Background technology
As the fast development of information technology, video data are emerged in multitude, become people obtain information important channel it
One.However, due to the sharp increase of number of videos, occurring redundancy and the information for repeating in multitude of video data.In the face of substantial amounts of webpage
Video, user wants to obtain correct information becomes extremely difficult.When the topic of dependent event is searched for, most of user's sense is emerging
Interesting is staple of conversation event and their development of the topic.But from track of events in substantial amounts of video search result
What progress was very difficult to.Therefore, in this case, the massive video data under same subject can be carried out in the urgent need to a kind of
The technology integrated, analyze, meets people and wants fast and accurately to browse the demand of video main information, improves people and obtains
The ability of information.
Usually, news topic be by occur the specific time, it is specific where, with common focus
A series of dependent event compositions.And event is by described by some have identification, representational word.In the past few decades
In, in order to improve the efficiency of management of video data, allowing users to quickly and accurately obtain the information that they want, correlation is ground
Property of the person of studying carefully for video data information, it is proposed that some methods Internet video classified and is described, but the technology
Still in the elementary step.This is mainly due to following reason:1) as visual signature has semantic gap, it is more difficult to visually right
Event is classified, and this is accomplished by the classification that Video Events are realized with reference to the text message of video.Upload yet with user
Text message be it is limited, and generally have noise, it is fuzzy, incomplete even have it is misleading, hence with
Text message to event category and description when with certain error.2) in addition, tag information is retouched just for whole video
State, be not that a certain specific video scene or camera lens are described, and to there is theme multifarious for longer video
Feature, this brings certain difficulty to the classification of video.

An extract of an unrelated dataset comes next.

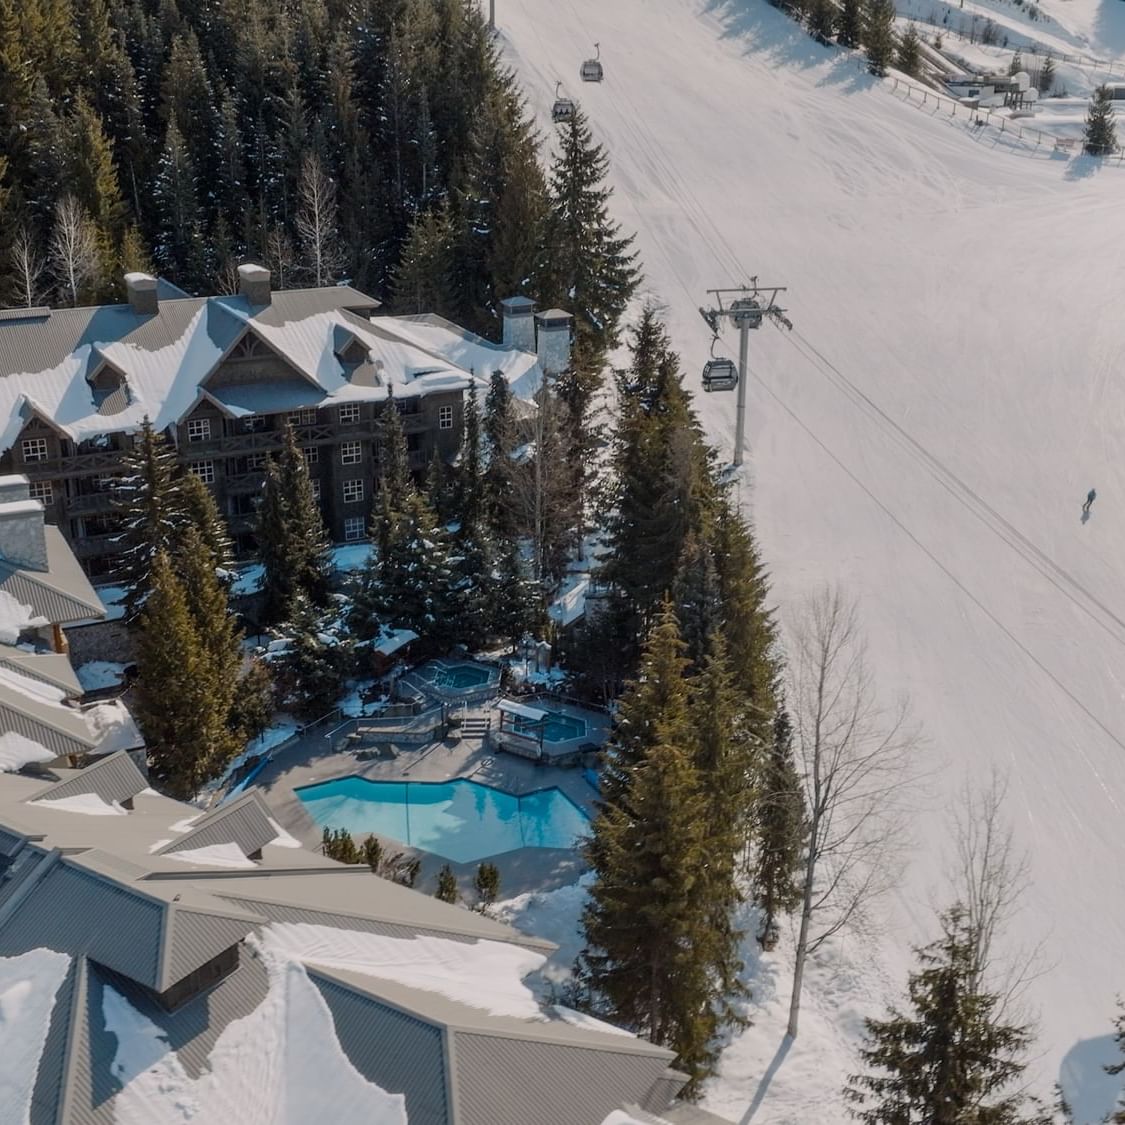 Aerial view of Blackcomb Springs Suites & outdoor pool with skiing slopes

In recent years, with the development of multimedia technology, correlative study person is carried with description problem for the classification of many video subjects
Some countermeasures are gone out.Wherein, the event structure for exploring Internet video is a class classical way.The method is first with co-occurrence
The text feature of analysis (co-occurrence) model analysis video explores the Text Mode of event.Then by shifting closure
Classifiable event, and from the angle of text, give event description.Finally video is detected using the approximate repeating frame detection of video
Main matter.And by the Events Fusion with similar vision and text property, realize the exploration and description of event.Although the party
Method has certain lifting in the effect that event is explored, but the method explores event from the angle of vision and text respectively, does not have
Have while using the structure of multiple modalities detecting event, the multi-modal information not using video during detection is complementary to one another
Advantage.
The present invention proposes many graph models, is merged by many figures, realizes visual classification using the method that figure cuts.And utilize
Tf-idf extracts the keyword per class event, and event is described.Video multi-modal information is taken full advantage of in this scenario
Complementary advantage, preferably realizes the video subject classification based on many figure fusions and description of network-oriented inquiry.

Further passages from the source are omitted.